The Half-Ass Tofino Guide to Beaches

Last month, we asked Tofitian and Olympic Hopeful Mathea Olin to rank Tofino beaches in order. This month, we explore the good, bad, and rad of each sandy Tofino treasure. Paddle in, folks. We’re exploring Tofino’s best assets one by one, from worst to first.

South Chesterman

We all know South Chesterman isn’t the worst of anything, but it’s certainly not the best surf spot. The good news is, because of its low ranking for surfers, it’s sits high on the list for the more tentative of us. We are the beach sleepers, the boogie boarders, the beginners and the families. We are legion, and we love South Chesterman. The tide pools of Frank Island are a bonus for this spot. So is the lack of a need for a park pass to hang here. Did you know, Chesterman Beach is the closest beach to Tofino, and is named after John Chesterman, who was an English coxswain (navigator) and a copper and gold prospector? Of course, long (long) before he arrived, both the Tla-O-Qui-Aht and Nuu’chah’nulth First Nations played, lived and harvested these beaches. Their names will ring truer anyday.

Rosie Bay

A bit trickier to get to, and definitely finicky with surf, Rosie Bay has sea caves and tidal pools for the explorers in your crew, AKA kids. Wait for low tide and walk south from South Chesterman. or paddle over if you’re a strong (very strong) surfer. This spot is tiny but cool as heck, and home to some of the coolest architecture in town, including the infamous John Travolta house, which wasn’t John Travolta’s house.

Long Beach

Mathea ranks Long Beach at fourth place, but for many newbie surfers it’s a holy grail and is certainly one of the most iconic spots in Canada. This is where many surfers first catch a wave. There’s a reason shops tell rookies to come here: beach breaks are softer on beginners when they inevitably get tossed off their board and auger into the sandy seafloor.

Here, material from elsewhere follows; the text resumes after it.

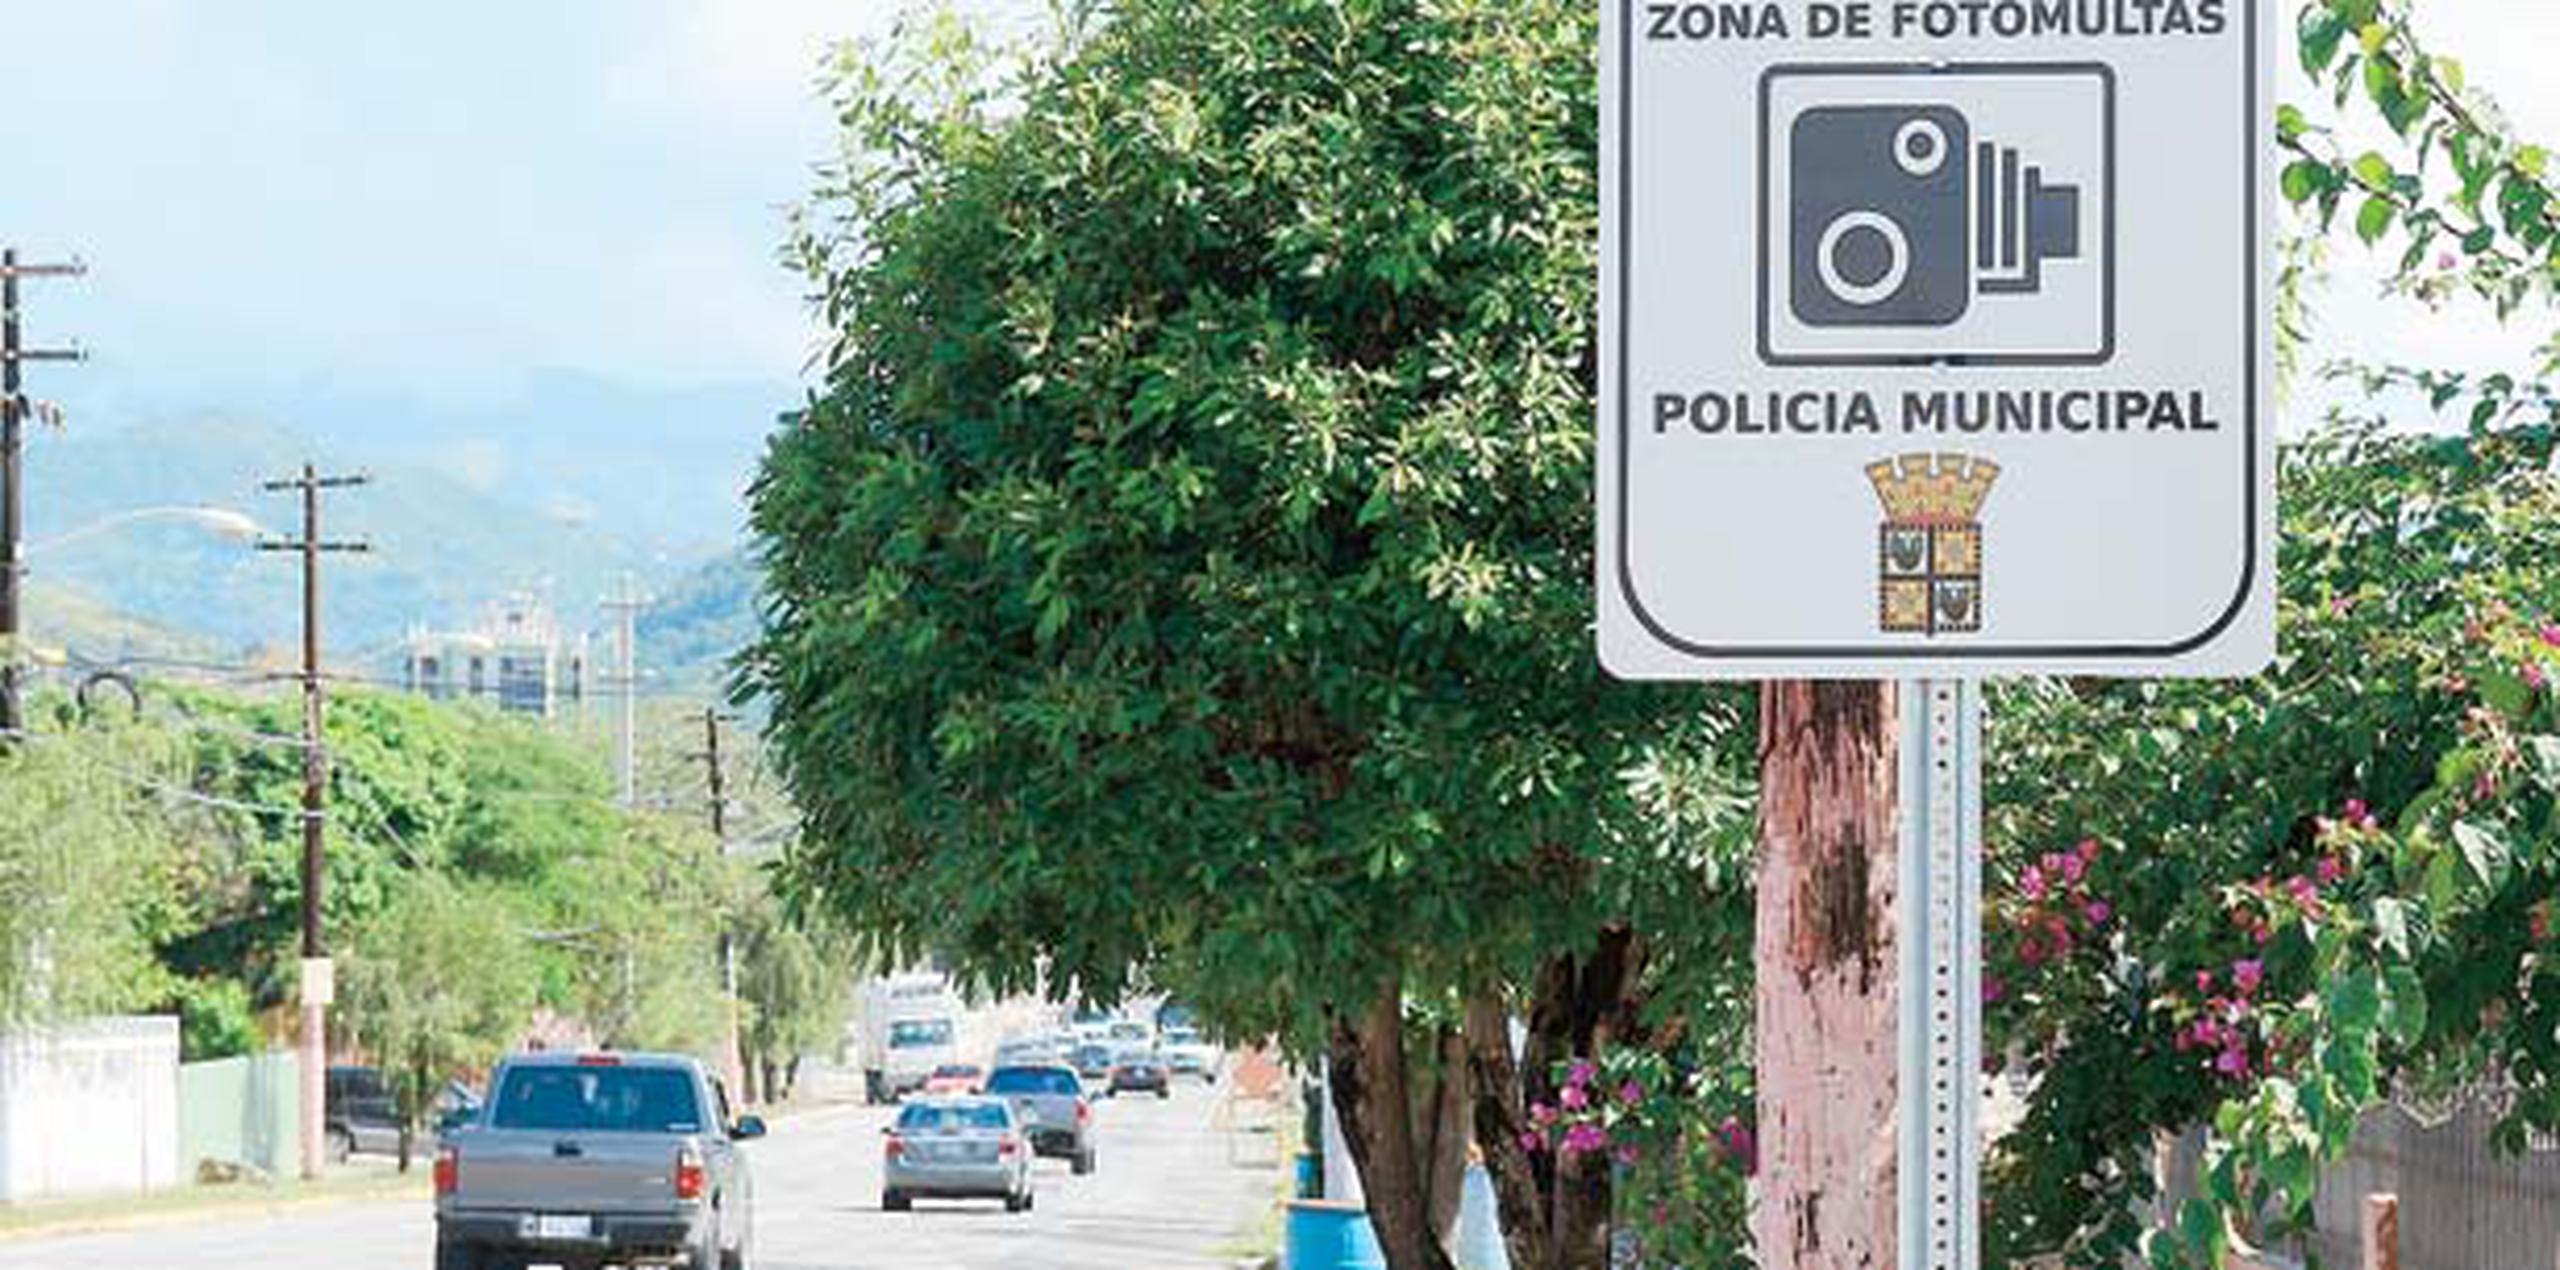 El alcalde de Yauco aseguró que, en el poco más de un año que estuvo vigente, el sistema automatizado redujo las multas expedidas de 18,000 a 2,000. (Archivo)

The biggest bonus to Long Beach is in the name; it’s most likely the longest and widest expanse of sand anywhere on the west coast, and is a stunning beach. Surf or not, it’s a must-visit spot for tourists. Pro Tip: bring a bicycle and ride the hard sand at low tide. Bring a lunch. Bring beer. Bring friends.

North Chesterman Beach

While South Chesterman often gets unfairly beat up on by surfers, it’s sister beach North Chesterman is an old dependable stretch of beautiful beach. It’s often busy, as it’s the closest to town, but it’s a solid choice for most surfers.

Cox Bay

The good stuff is found here, but if we’re being honest, it’s better left to the experienced surfers in your crew. If you’re coming from out of town and want a chill surf session, find less crowds and easier breaks elsewhere. If you know how to sink a proper bottom turn in with power, use the channel for a paddle out, and respect the game, this might be a place for you. Maybe.

Winner: NunyaBusiness Beach 

“Where is that?” This questions is the bane of every surfer’s existence on social media. And the answer should always be “Nunyabusiness.” Good surf is where you find it, as Gerry Lopez famously writes about, and the best surf location, break, weather, etc., changes by the hour if not the minute. Sometimes it’ll be Cox. Sometimes it’ll be Long Beach. Other times, it will be in Ucluelet. Don’t plan a trip around a beach you hear about on Instagram. Plan it around the truest measure of good times: adventure with friends. See you out there, you frothy animals.

*Honourable Mention: Tonquin Beach

In town. No surf. Swimmable. Chillable. Beautiful rainforest hike to get there. Boom.

Did we get the list right? Probably not, but we don’t care. Any beach is a good beach, and internet debates are dumb. Pick a beach and get out there.